California, Miami or Australia.


----------



## OboeKnight

For some reason I've always dreamed of living in a house in the middle of a forest, with no humans for miles around. Beautiful trees and animals, with warm sunlight trickling through the canopy. 

This would never work out as a performing musician, but one can still dream :lol:


----------



## jani

OboeKnight said:


> For some reason I've always dreamed of living in a house in the middle of a forest, with no humans for miles around. Beautiful trees and animals, with warm sunlight trickling through the canopy.
> 
> This would never work out as a performing musician, but one can still dream :lol:


You would become a mad composer and some years after your death some people who got lost in the woods accidentally find your house and find your scores and take them to museum inspector and then the inspector tells that the scores are at least 100 years old and local orchestras start to play your work, the audience is glad that they are able to hear tonal composer with a fresh sound. Oboists start to love&hate you, some start to hate you because your music is too difficult to play for them, some love because it pushes them into new levels of mastery!¨


----------



## deggial

@OK: commute every day!

I'd like to move to Munich. My German is terrible, though...


----------



## OboeKnight

jani said:


> You would become a mad composer and some years after your death some people who got lost in the woods accidentally find your house and find your scores and take them to museum inspector and then the inspector tells that the scores are at least 100 years old and local orchestras start to play your work, the audience is glad that they are able to hear tonal composer with a fresh sound. Oboists start to love&hate you, some start to hate you because your music is too difficult to play for them, some love because it pushes them into new levels of mastery!¨


Yes...alright I'm doing it! If you guys don't hear from me anymore, I'm in a lonesome forest somewhere without internet access.


----------



## emiellucifuge

EricABQ said:


> Have you been to Africa?
> 
> I got to go one time while I was in the Navy. We pulled into Mombasa for a couple of days. I didn't make it out into the bush because of limited time off the ship, but it was still an exciting place to visit. Hot as hell though. I've been to a lot of really hot places but nothing like that. It was hotter than I thought it was even possible to be.

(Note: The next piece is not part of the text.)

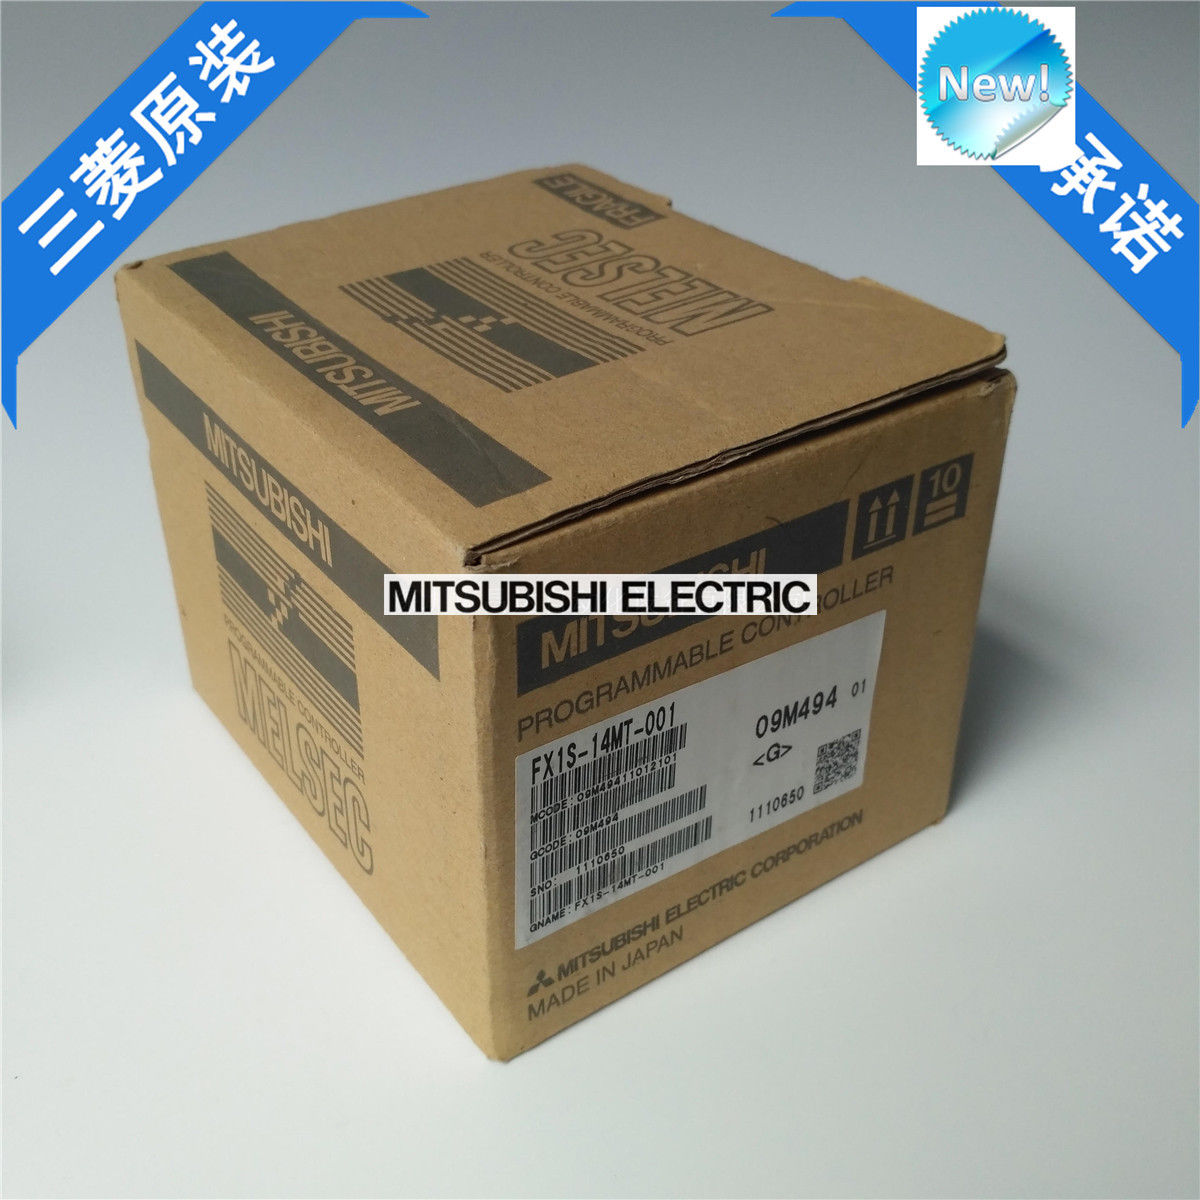 New Mitsubishi PLC FX1S-14MT-001 Programmable logic controller In Box

Yes I spent 4 months there working on a research project. Namibia to be precise, but Ive also been to South Africa & Botswana - all fantastic.
Namibia was indeed bloody hot, 45C (115F) at some points of the day. And the sun is unrelenting.


----------



## SiegendesLicht

There is an island in the North Sea, off of the German coast, called Sylt. It is just a small island, 38 km from one end to the other and a few small towns. It is a stern and severe place, a land of sand dunes, roaring sea and cold winds constantly blowing in, and yet for me there is no place on Earth dearer than that.

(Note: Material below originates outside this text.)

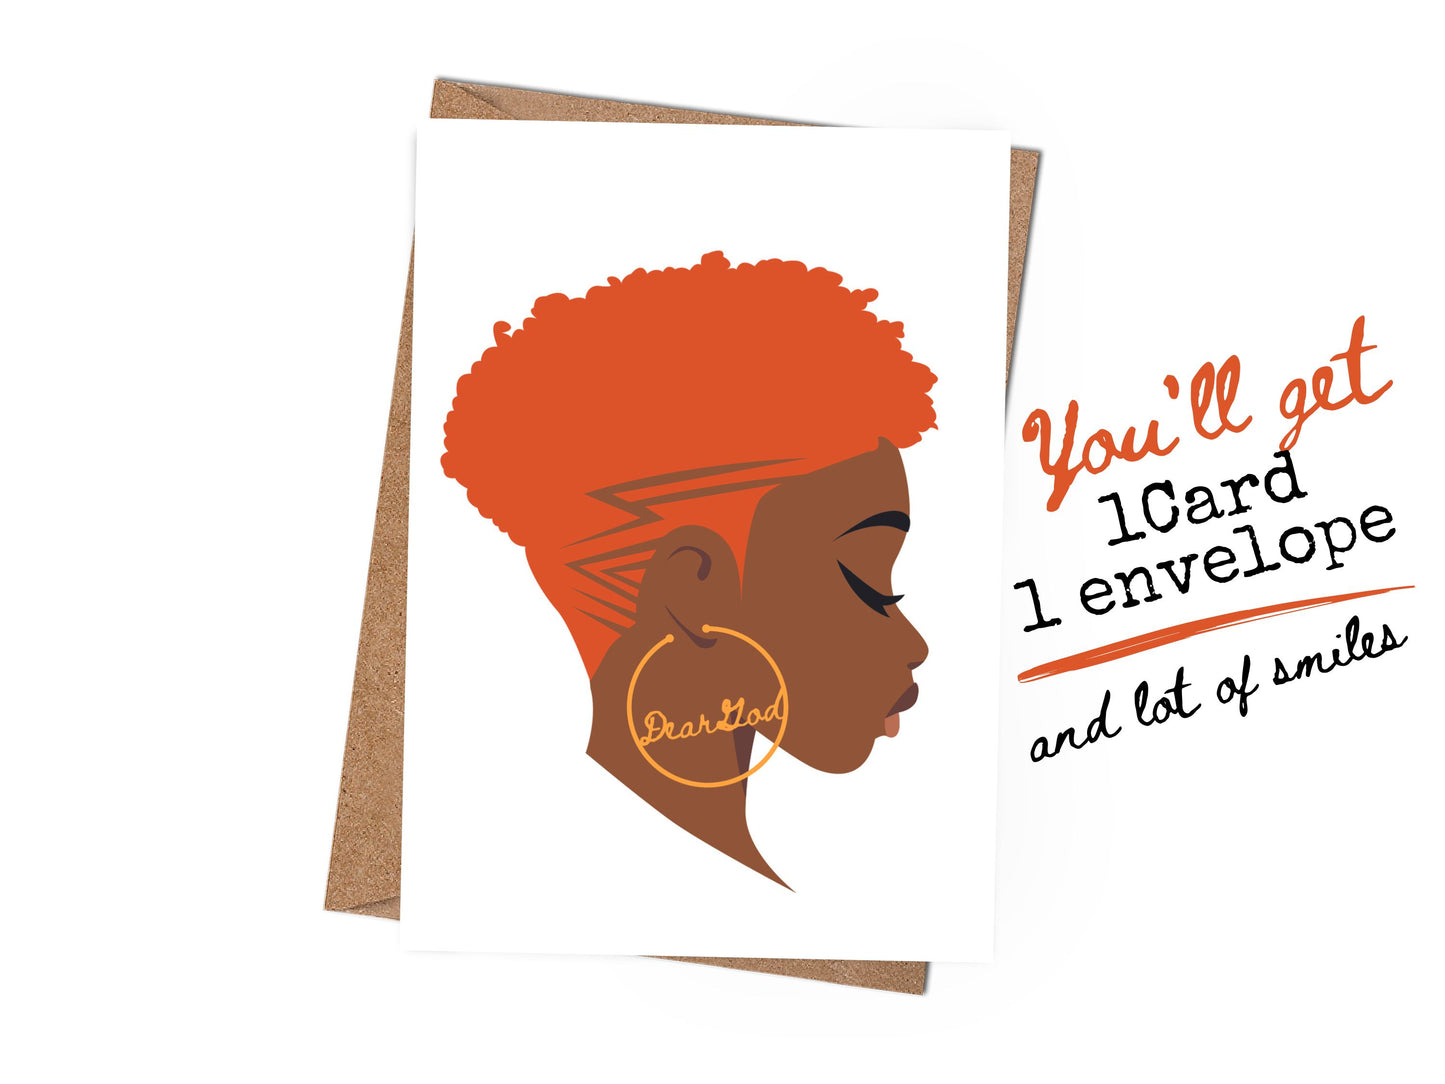 Religious Birthday Card| African American Greeting Card| Black Woman Birthday| Happy Birthday

One thing I would really love is to take up the position of the organist at one of its churches (this is impossible though since I don't play the organ) and daily praise the Lord of this land for bringing me here. And later, when the congregation is gone, I would play some Wagner too...


----------



## Ukko

Vermont in summer and fall, New Zealand the rest of the time. When my lottery ticket hits big... .


----------



## PetrB

No place with native palm trees.


----------



## Crudblud

Somewhere with far less people.


----------



## elgar's ghost

Within the British Isles I could happily settle in Cornwall, a county blessed with a quirky beauty to their rural settings and a cultural identity which is different to the rest of the country. Cornwall is in England but there are Cornish people who don't consider themselves English at all - the county has its own flag which is named the Saint Piran's flag (white cross on a black background), language (similar to Welsh) and there is also a national party (Mebyon Kernow = 'Sons of Cornwall'). Amazing place with a unique heritage and I can appreciate why the locals are both proud and fiercely protective of it.

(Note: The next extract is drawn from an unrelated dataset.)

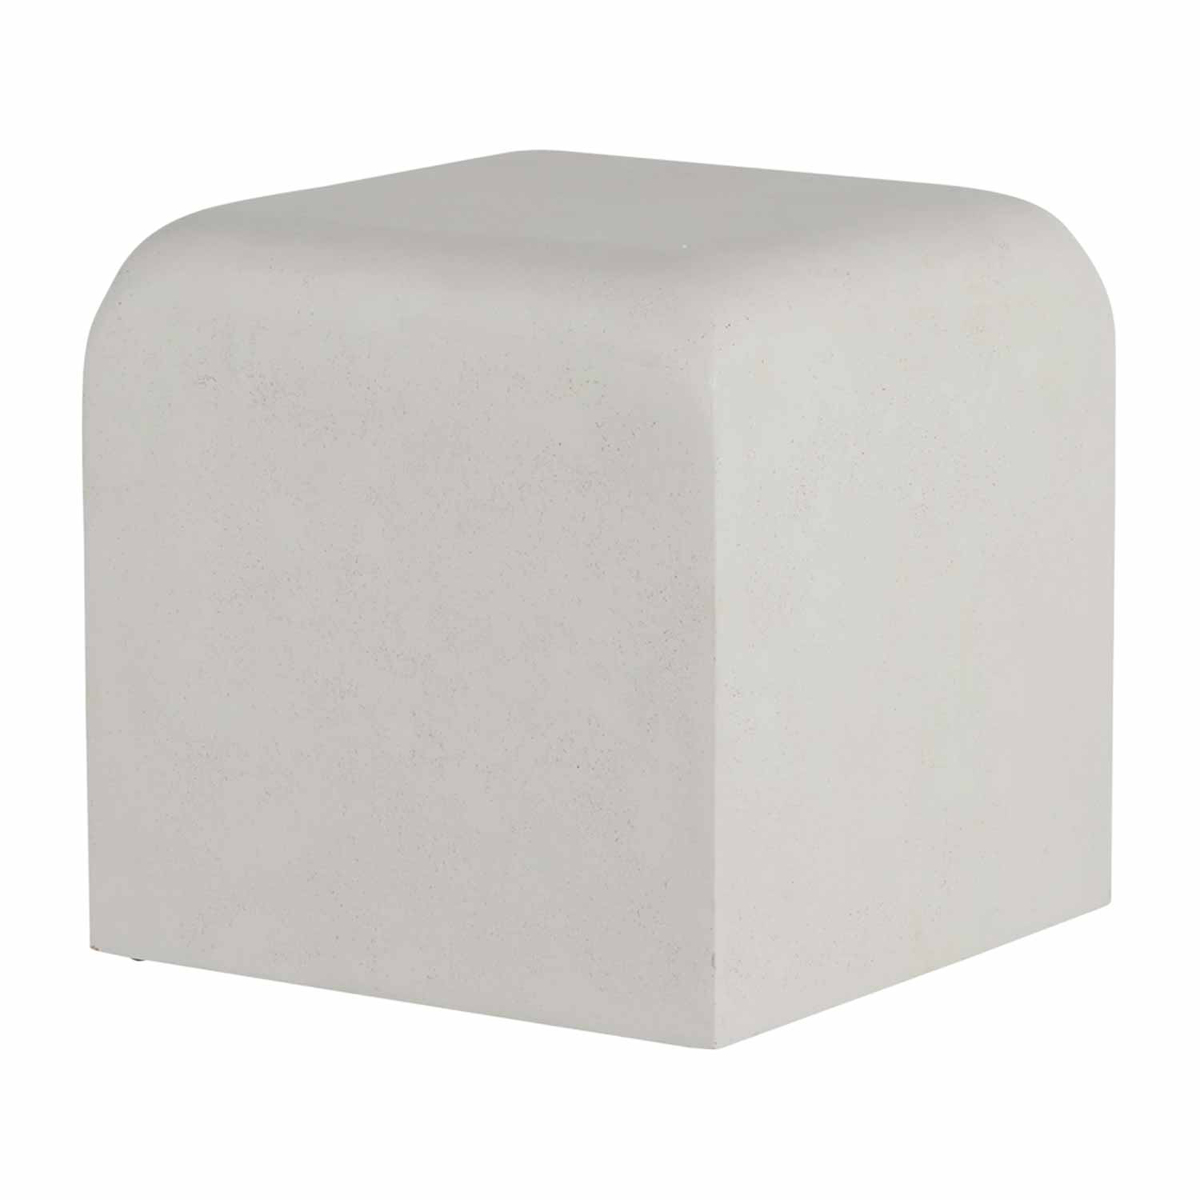 grebe stool product image

Away from these shores? Difficult to say as I'm not well-travelled, but it would have to be somewhere temperate - I don't take to hot temperatures and humidity particularly well for any great length of time.


----------



## jani

Crudblud said:


> Somewhere with far less people.


Life is a team sport.


----------



## cwarchc

Lewis or Jura, in the Western Islands of Scotland, or possibly Iceland


----------



## ptr

cwarchc said:


> Lewis or Jura, in the Western Islands of Scotland, or possibly Iceland


My alternate choice would probably an island of the Scottish West Coast, perhaps Islay, but Jura would not be bad choice either!

/ptr


----------



## MaestroViolinist

Scotland. 

















And preferably in this  :


----------



## Praeludium

Paris, Berlin or Koln.

I wouldn't be surprised if most members who answered that they'd like to live somewhere far away from big cities are actually living in big cities.
Those metropoles have 90% of the cultural life. And as a student and a musician, it's the best place to be... If you can afford it, and honestly it looks like very few persons can actually afford living in Paris ! I certainly can't lol
Anyway, I'm tired of my village and of the relatively small town (population : 115 000) nearby.


----------



## Tristan

I love California and I don't have too much of a plan to leave anytime soon, but I also love Europe. If I do not live in California, then I would like to live in Europe, probably Italy (where my dad is from) or France.


----------



## Crudblud

jani said:


> Life is a team sport.


Your wall must be plastered with motivational posters. In any case; I said _less people_, not _no people_.


----------



## aleazk

Crudblud said:


> Your wall must be plastered with motivational posters. In any case; I said _less people_, not _no people_.


lol, that was hilarious. c'mon, crud, _you can_ do it, life is good!.


----------



## EricABQ

MaestroViolinist said:


> Scotland.
> 
> And preferably in this  :


Just imagine the upkeep.


----------



## deggial

MaestroViolinist said:


> Scotland.


even during the 360+ days a year when it rains?


----------



## Crudblud

aleazk said:


> lol, that was hilarious. c'mon, crud, _you can_ do it, life is good!.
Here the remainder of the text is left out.